Second, in Aeneid 6.458–9, Aeneas swears by both celestial and infernal divinities, paralleling Aeschrion AP 7.345.5, an epigram in which Philaenis protests the falsehood of her characterization in a sex manual circulated under her name, claiming that the shamelessness of the book should be attributed rather to its real author, Polycrates. The Aeschrion epigram, invoked by allusion, thus destabilizes both text and authorship in the Aeneid, and strongly criticizes the way that women are depicted in text.

It is perhaps this reference that leads to the composition of AP 16.151, which joins the epigram series begun by Aeschrion. This anonymous epigram, in which Dido blames Virgil for an undeserved attack on her chastity, bases its claims on a historical fact: Dido was not even alive at the time of the sack of Troy. In a departure from previous epigrams in the series, this epigram also allies itself with epigrams about resemblance, notably emphasizing that, in this case, the form of the visible image is exact, but the character is wrong.

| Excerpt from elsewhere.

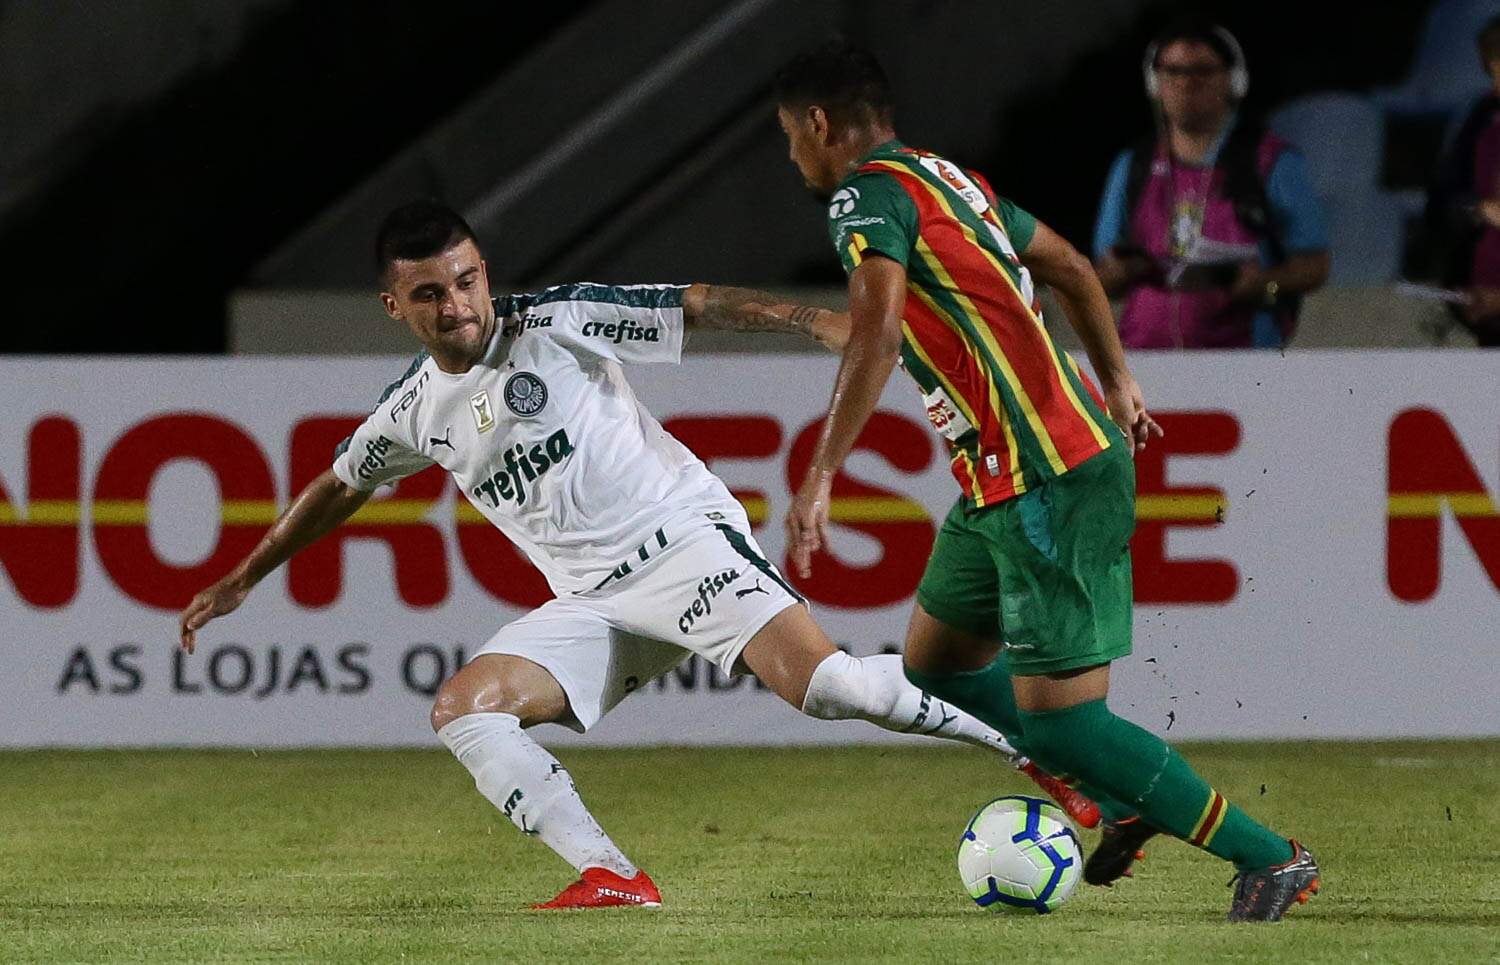 Nos acréscimos, Palmeiras venceu o Sampaio Corrêa em São Luís

Epigrammata Bobiensia 45 reproduces AP 16.151, but it adds a few elements that do not merely refute, but go so far as to displace, Virgil. First, expanding AP 16.151.5–6’s brief reference to chronology, it recommends (lines 15–18) that readers turn to historians rather than relying on poets who lie about the gods. And second, at its very beginning, Dido asserts her identity with startling clarity: illa ego sum Dido vultu, quam conspicis, she says, reminding every reader of the quasi-epigrammatic “preface” to the Aeneid, ille ego qui.... By paralleling this beginning, in which Virgil speaks in his own voice, she claims the right to be read in his place, speaking the truth, and asserting her authority to be trusted beyond the work that brought her fame.